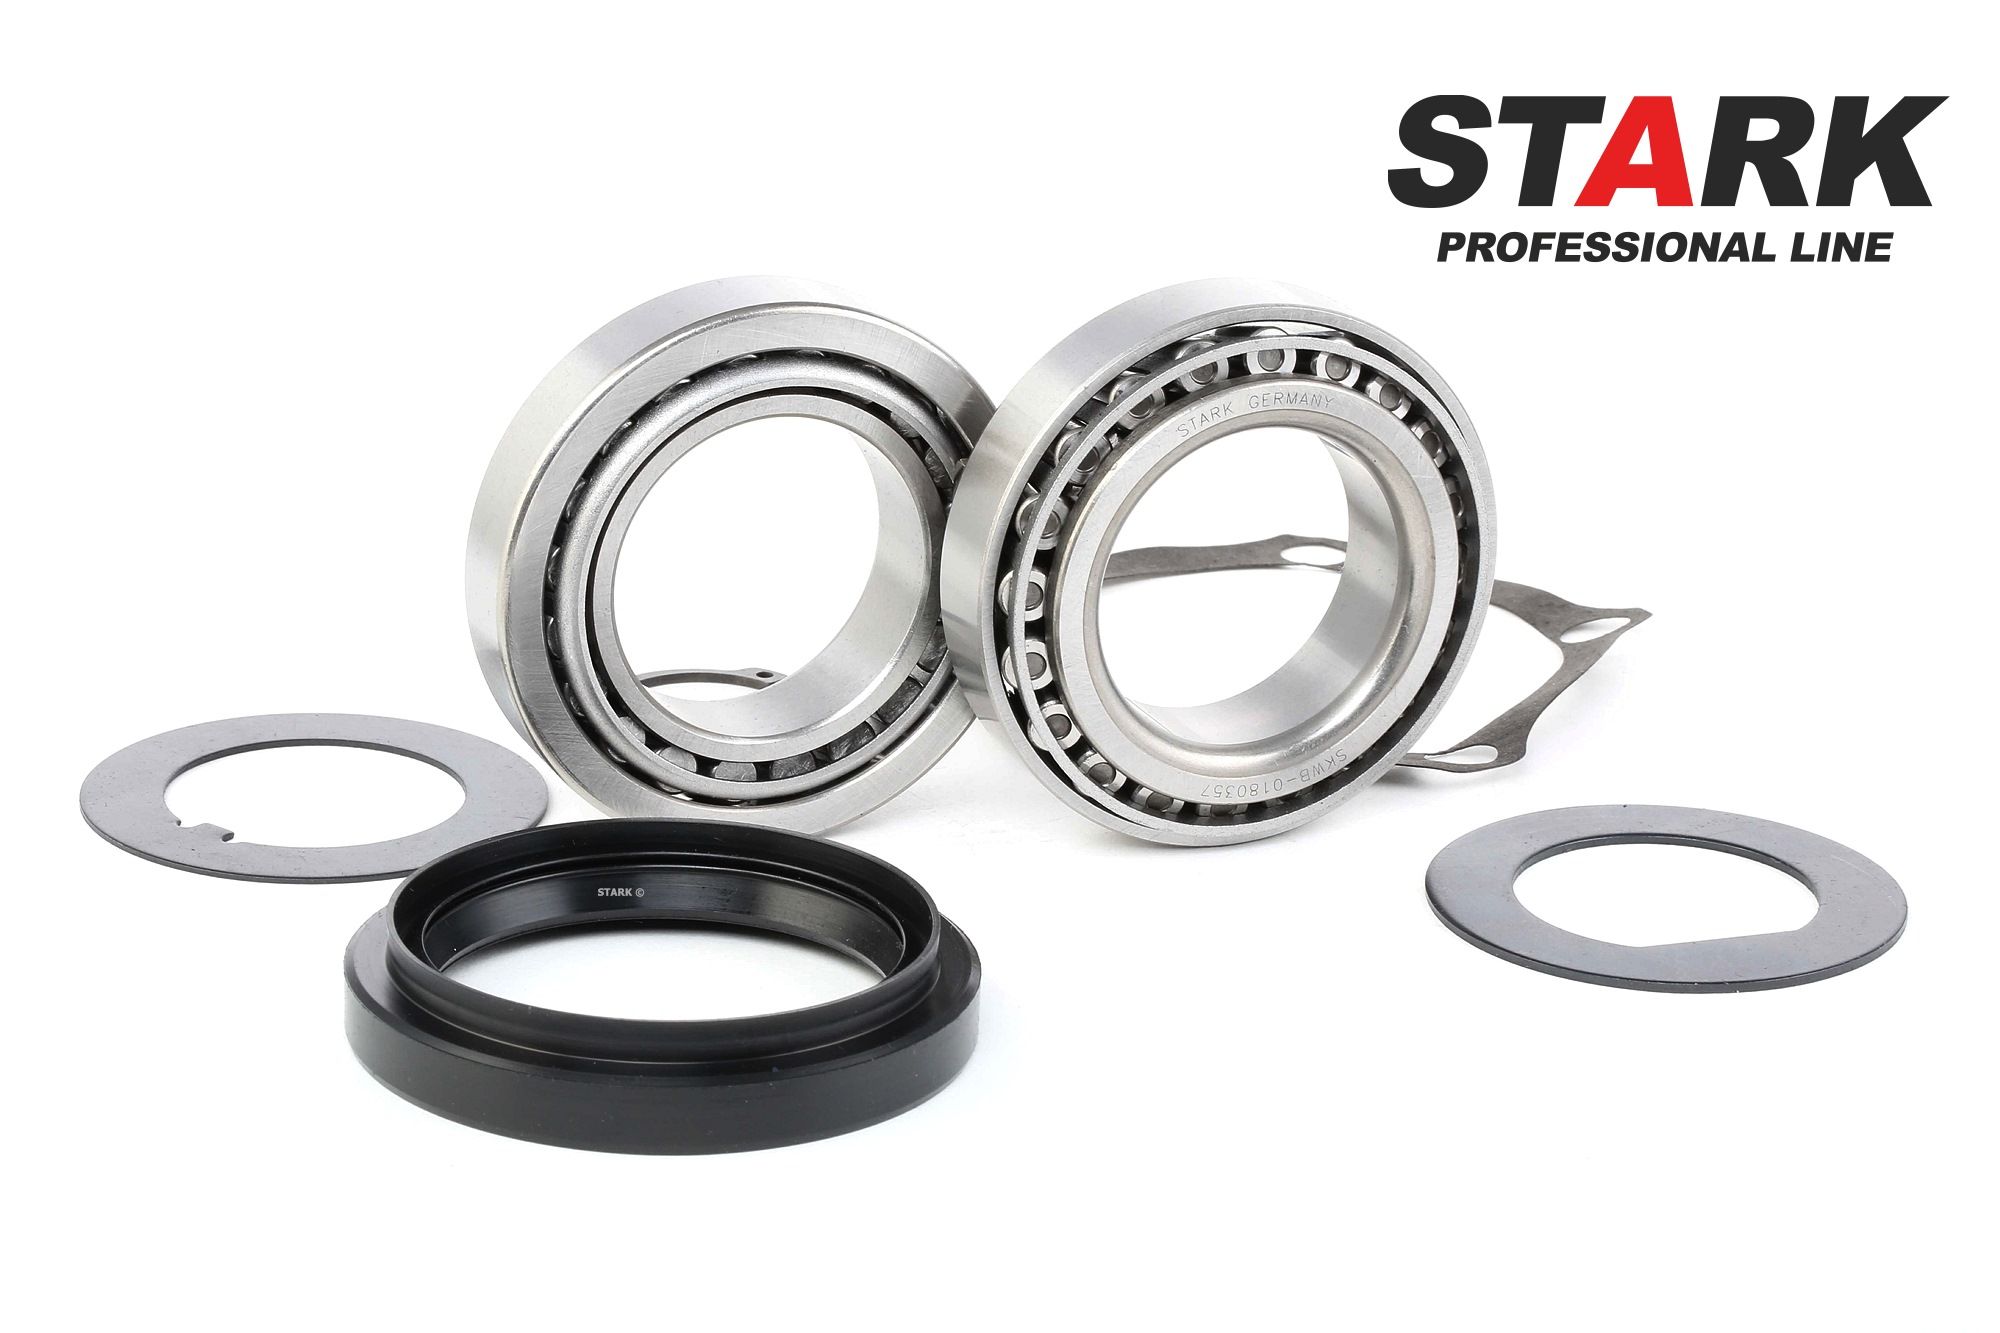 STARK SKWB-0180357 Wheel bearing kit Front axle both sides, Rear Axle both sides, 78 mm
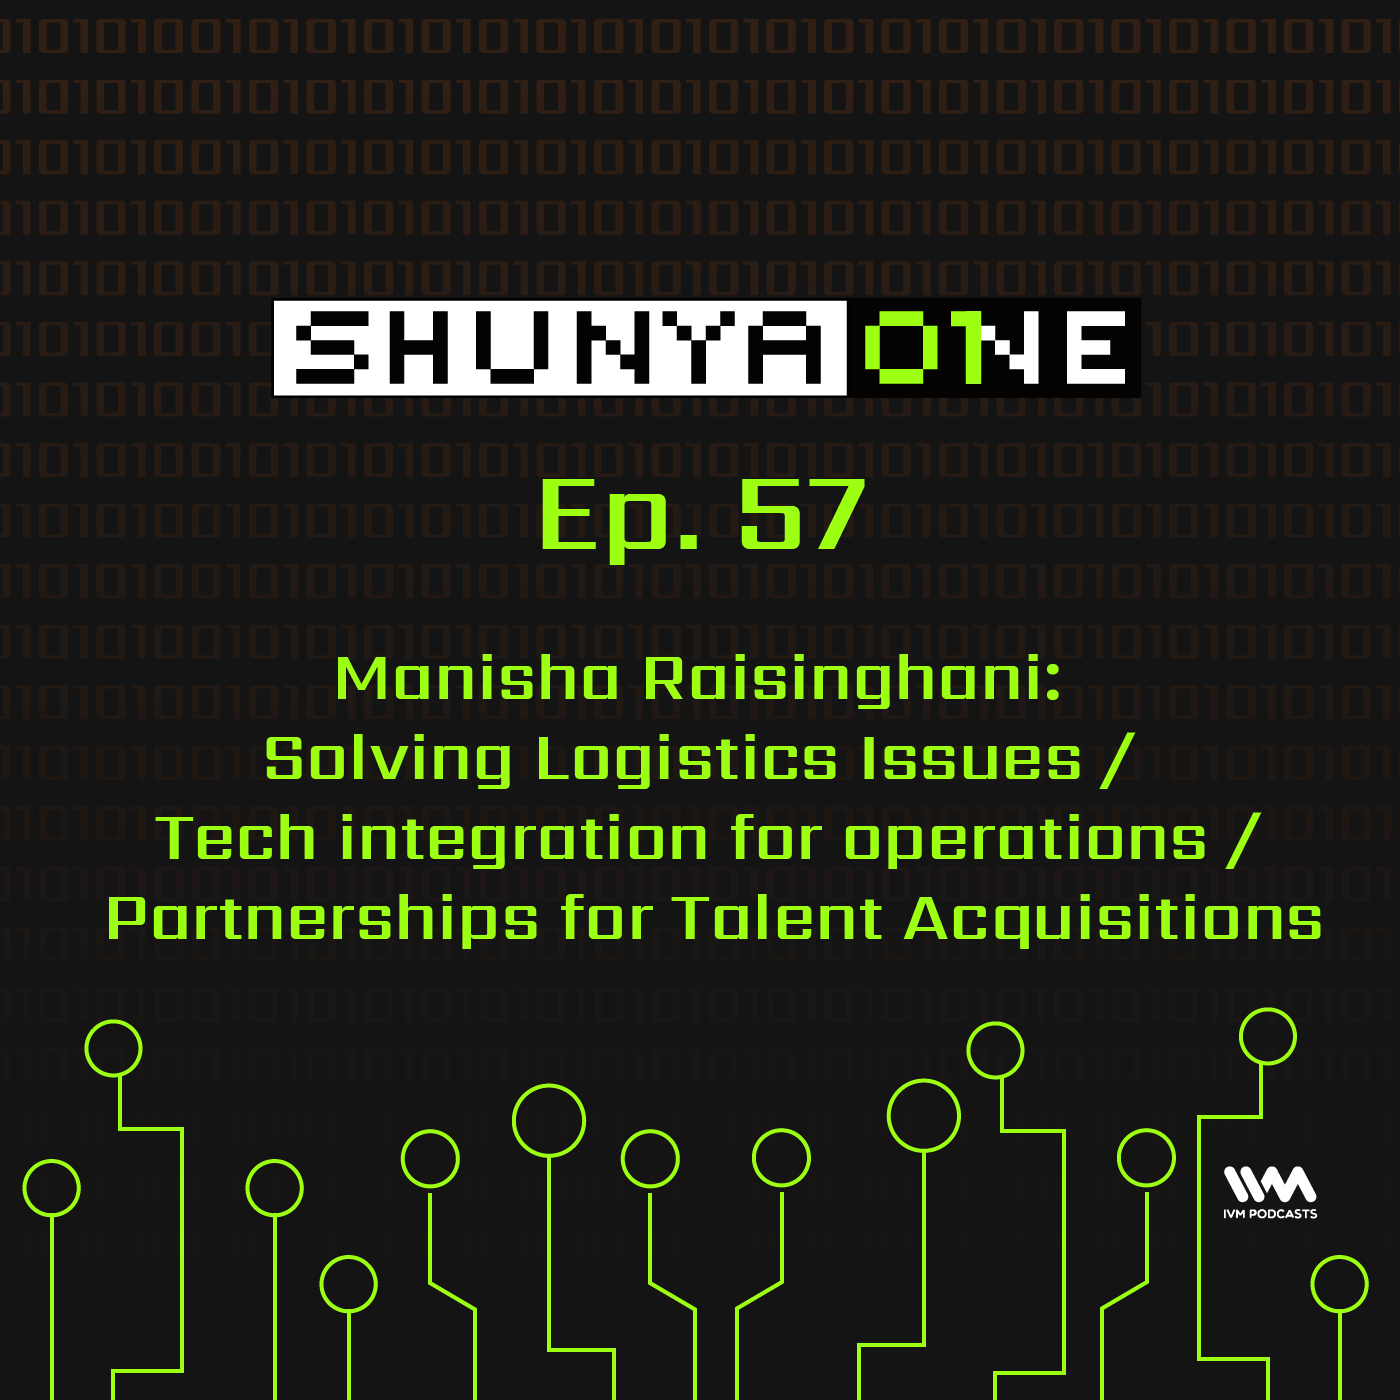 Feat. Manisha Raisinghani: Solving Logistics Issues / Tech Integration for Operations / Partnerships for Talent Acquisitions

☆ ☆ ☆

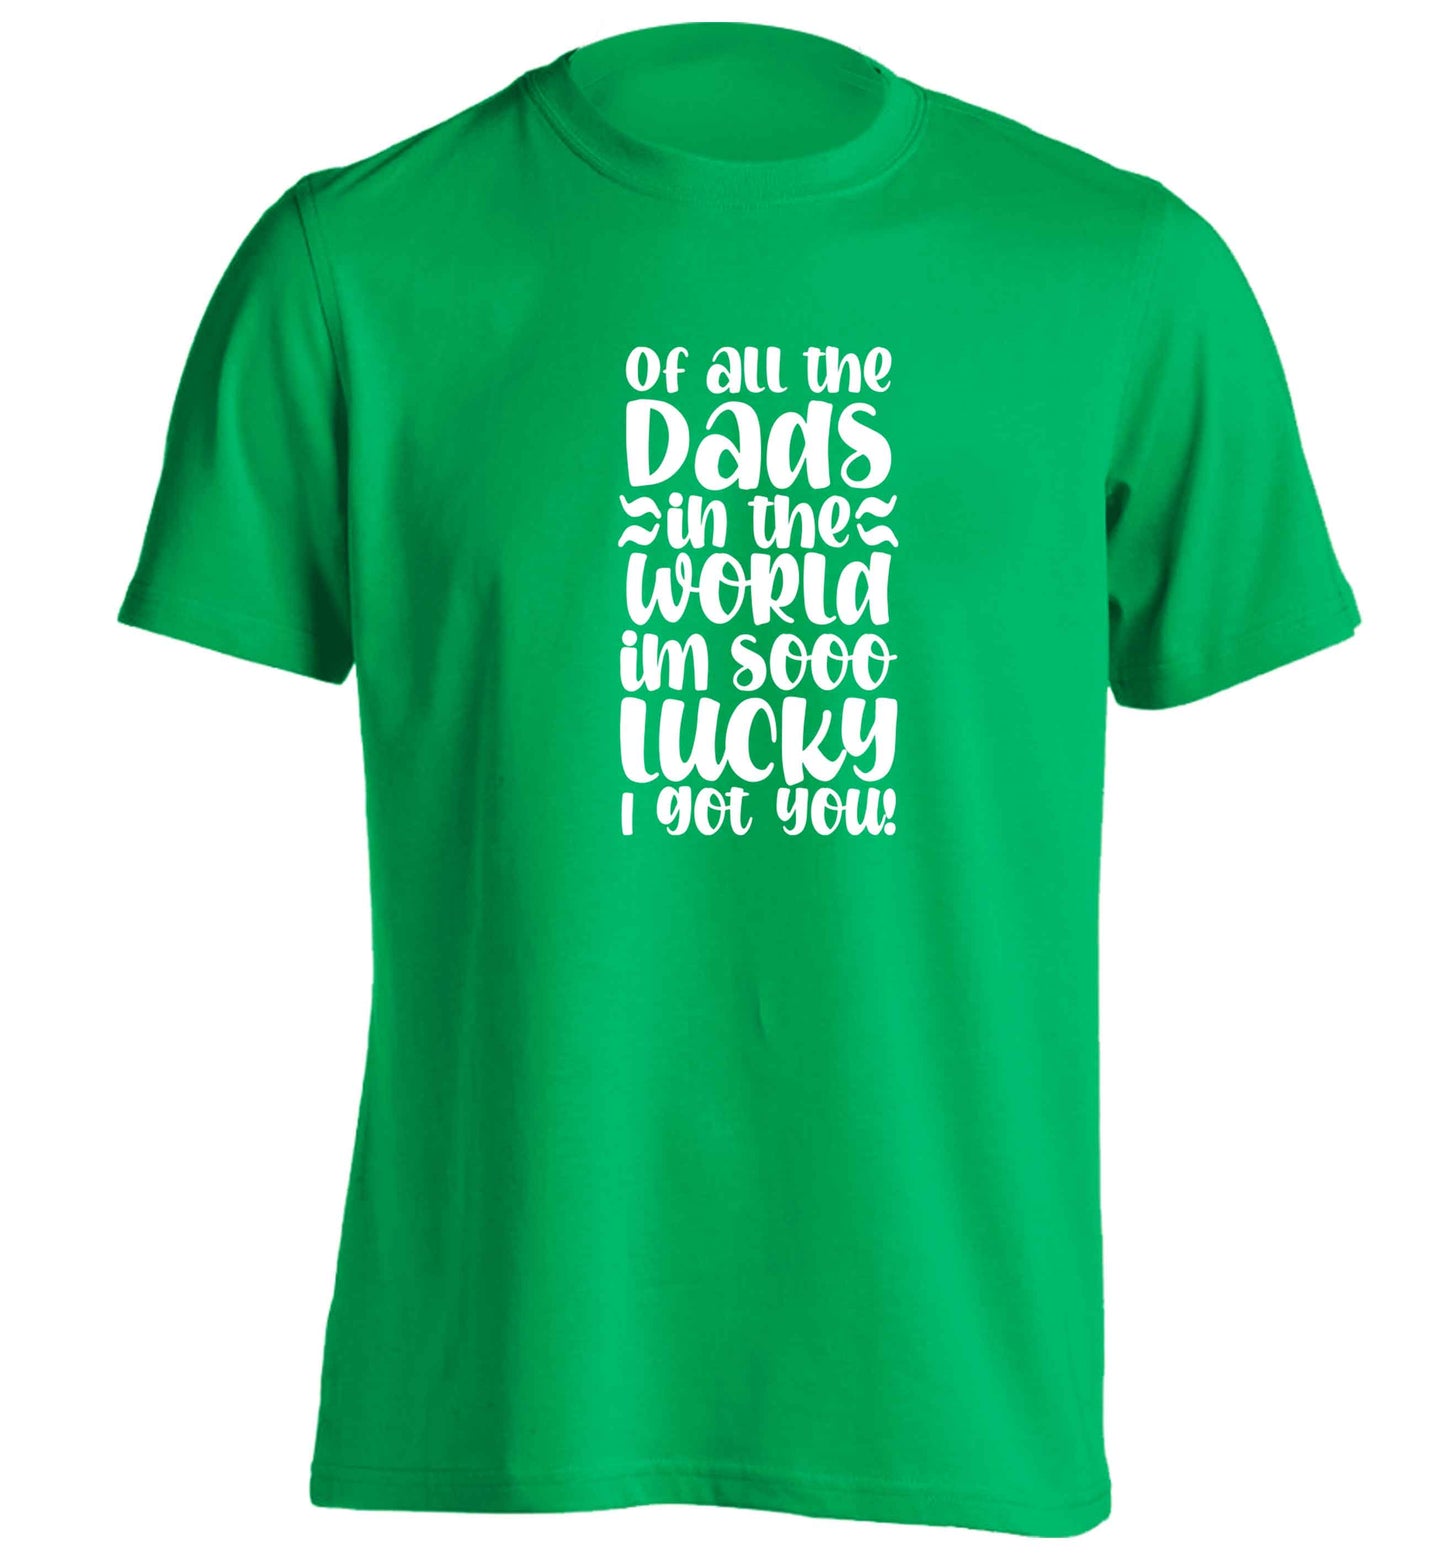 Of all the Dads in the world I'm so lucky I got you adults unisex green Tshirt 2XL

☆ ☆ ☆

Required work:
Beginning with the line that contains "STARK SKWB-0180357 Wheel", write out the lines of the material above exactly, and end with the line that contains "Feat. Manisha Raisinghani: Solving". Omit the pictures.

Task output:
 STARK SKWB-0180357 Wheel bearing kit Front axle both sides, Rear Axle both sides, 78 mm
 Feat. Manisha Raisinghani: Solving Logistics Issues / Tech Integration for Operations / Partnerships for Talent Acquisitions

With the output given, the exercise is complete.